Baumwollzelte sind durch die sehr enge Webart und
teilweise durch die Imprägnation wasserdicht. Eine
sehr hohe UV-Resistenz ist ein weiteres Typische Merkmal.
Diese Vorzüge werden durch mehr Gewicht und
Volumen erkauft.
- Nylon-Zelte
haben eine sehr hohe Reiss- und Scheuerfestigkeit.

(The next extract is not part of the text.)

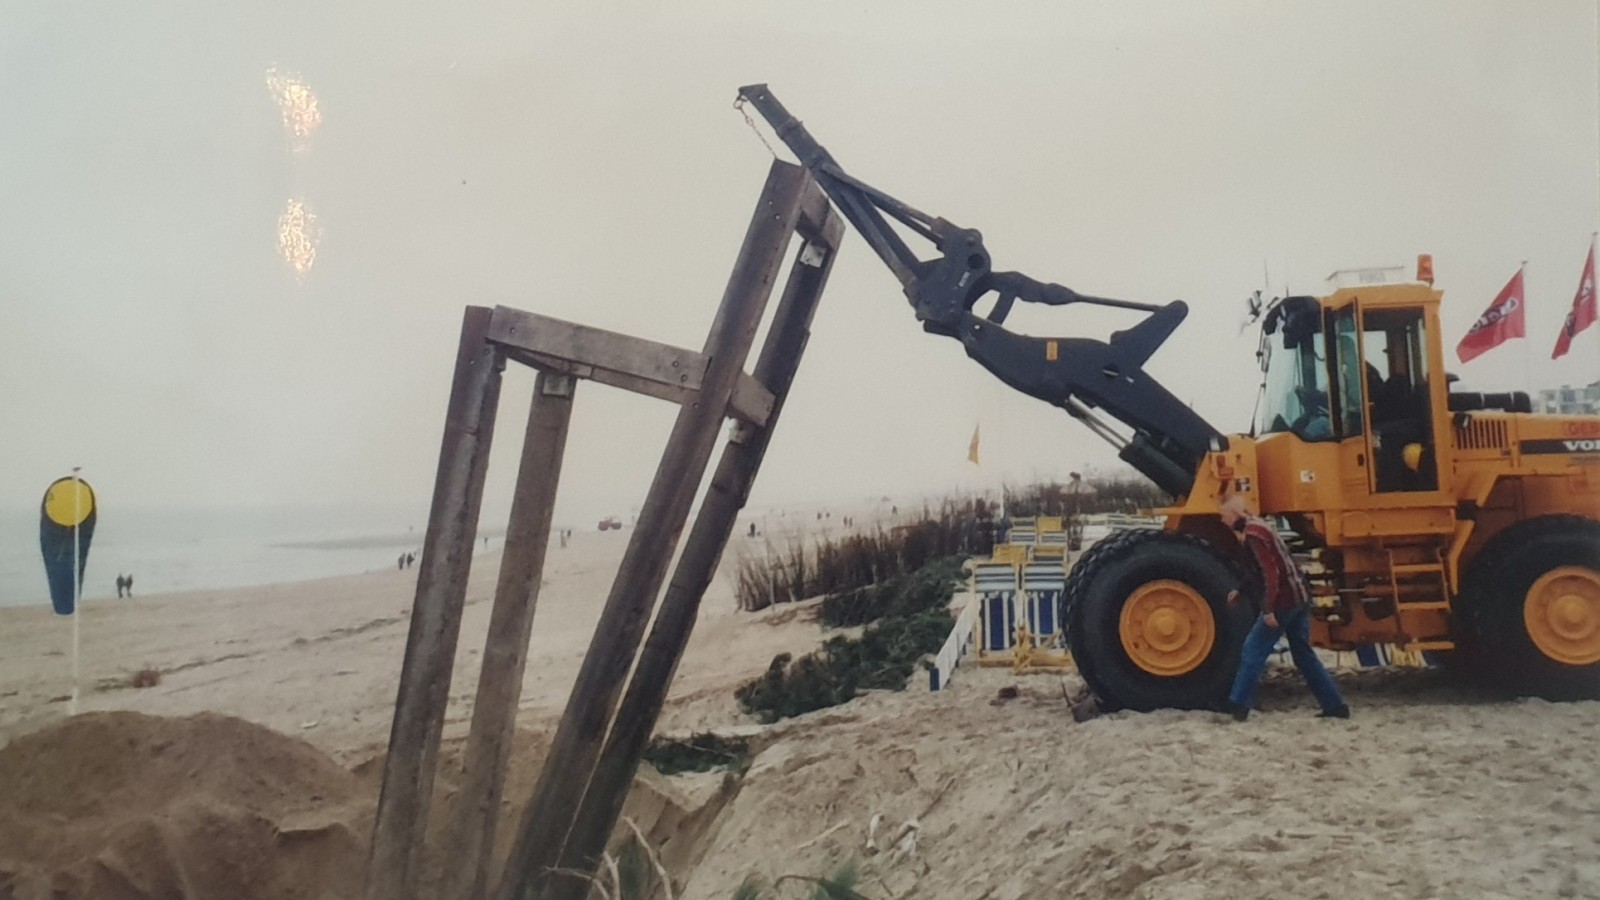 De herplaatsing van de stoel op het strand van Zandvoort

Ergänzt mit einem eingewobenen Polyesterfaden
entsteht das RipStop-Nylon das sich bei Nässe
weniger dehnt und noch reissfester wird. High Tenacity
RipStop-Nylon entsteht durch die beidseitige Beschichtung
mit Silikon. Dieses höchstwertige Nylon ist
zusätzlich noch reissfester und reduziert die
UV-Empfindlichkeit erheblich.
- Polyester-Zelte
haben eine hohe Reiss- und Scheuerfestigkeit. Gute
Qualitäten dehnen sich bei Nässe nicht,
verrotten nicht und haben eine hohe
UV-Beständigkeit.
- Silikon-Beschichtung
Für Zelte die beste, aber nicht die
günstigste Beschichtung. Hohe Elastizität,
Langlebigkeit, UV-Resistenz und eine Erhöhung der
Reissfestigkeit des Aussenzeltes zeichnet eine
Silikon-Beschichtung aus. Die Nähte sollten vor
einem grossen Regeneinsatz mit einer Silikonpaste
abgedichtet werden.
- PU-Beschichtung
(Polyurethan)
Günstigere Beschichtung mit einer guten
Flexibilität und einer hohen Dichte. Die
Beschichtung der Wahl für Zeltböden. Die
Nähte werden verschweisst.
Zeltpflege
Die allerwichtigste Regel ist, das Zelt nie im
nassen oder feuchten Zustand über längere Zeit
eingepackt zu lassen. Dies gilt sowohl für
Baumwoll- wie auch für Kunststoffzelte. Wenn
möglich das Zelt geschützt vor direkter
Sonnenstrahlung aufstellen. UV-Licht
schadet langfristig jedem Material. Wenn das Zelt stark
verschmutzt ist und dies störend wirkt, kann das Zelt
mit einem weichen Schwamm und sehr mildem Waschmittel
gereinigt werden. Starkes Reiben vermeiden, da sonst die
Beschichtung oder die Imprägnierung beschädigt
wird, was unweigerlich ein undichtes Zelt zur Folge
hat.
Hier die
Zeltpflege im Detail:
Die Pflege fängt schon beim Aufstellen
an
- Achten
Sie darauf, dass der Untergrund, auf den Sie Ihr Zelt
aufstellen, keine spitzen Steine, keine harten Stoppeln,
keine dornigen Äste und keine Wurzelspitzen
aufweist.
- Am
besten legen Sie unter den Zeltboden eine Plastikfolie.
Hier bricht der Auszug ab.